La première chose qui a attiré mon attention, c'est la couverture : sombre. Et ce musicien qui regarde la ville au loin m'a interpellé. Un peu solitaire, un peu dans son monde, un peu misogyne aussi peut-être ? Oui, c'est un peu ça, mais il y a autre chose. C'est l'histoire d'un homme, Anatole, passionné de musique, malheureux en amour, coqueluche des femmes, au passé difficile car secret. Il part en tournée avec son groupe les Olwan, dont le chanteur, Benoit vole de filles en filles. Ils sont tous insouciants face à la menace qui les attends.

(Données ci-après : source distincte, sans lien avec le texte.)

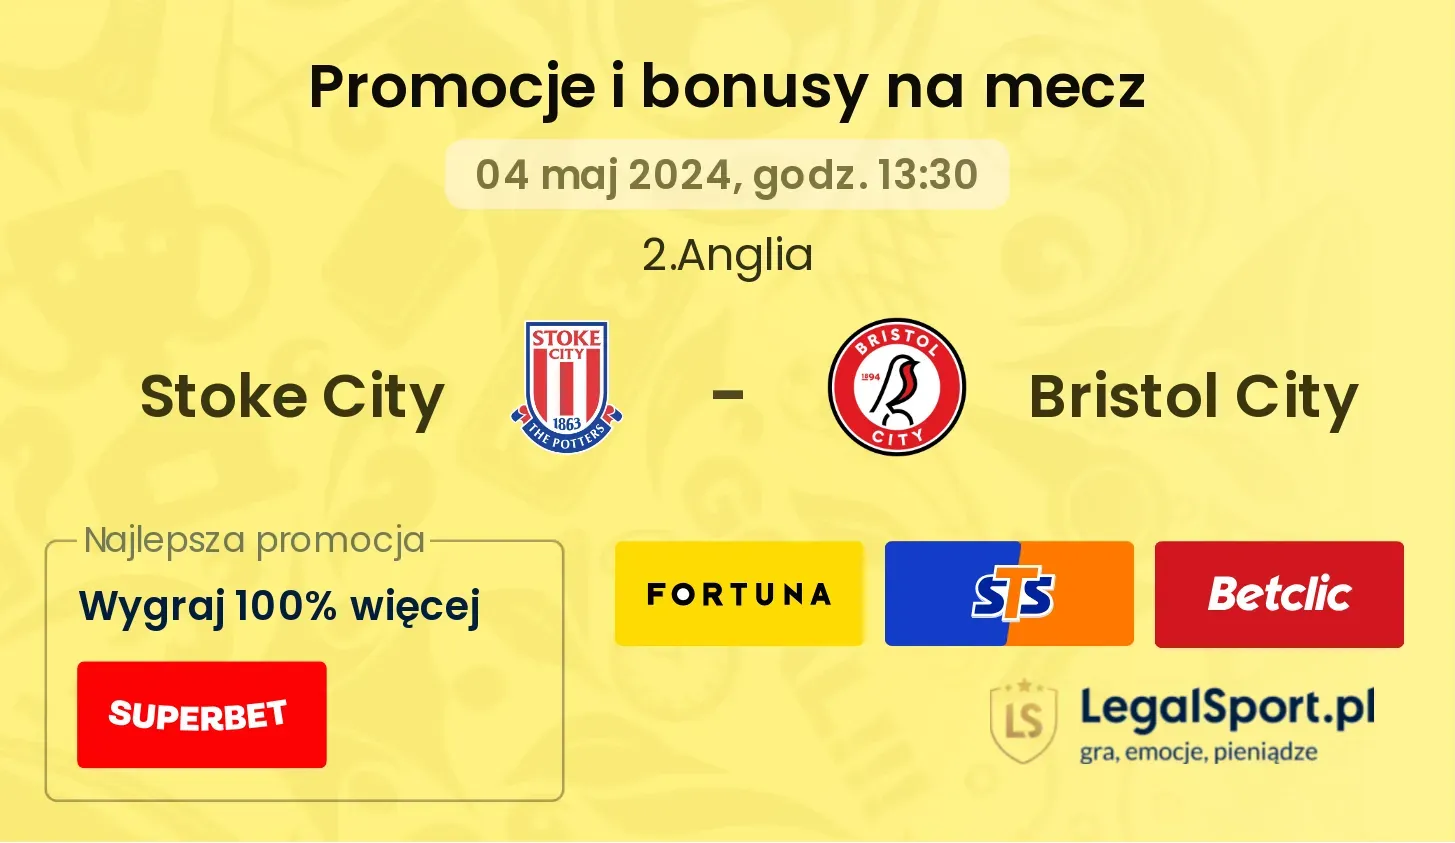 Stoke City - Bristol City promocje bonusy na mecz

D'un autre côté, on a Agnès, une prostituée qui fuit son proxénète et se réfugie avec les musiciens. Elle sert de muse à Anatole, le gars sombre dont je parlais, celui de la couverture. Durant la tournée, ils vont se découvrir, s'apprivoiser, s'aimer, mais, la menace est là, terrible. Et elle va les rattraper. Il y a bien une caravane de romanichels, dont Féfa, personnage haut en couleur, est censée les prévenir, mais, ils jouent de malchance ! Comme si le mauvais oeil les avait désignés.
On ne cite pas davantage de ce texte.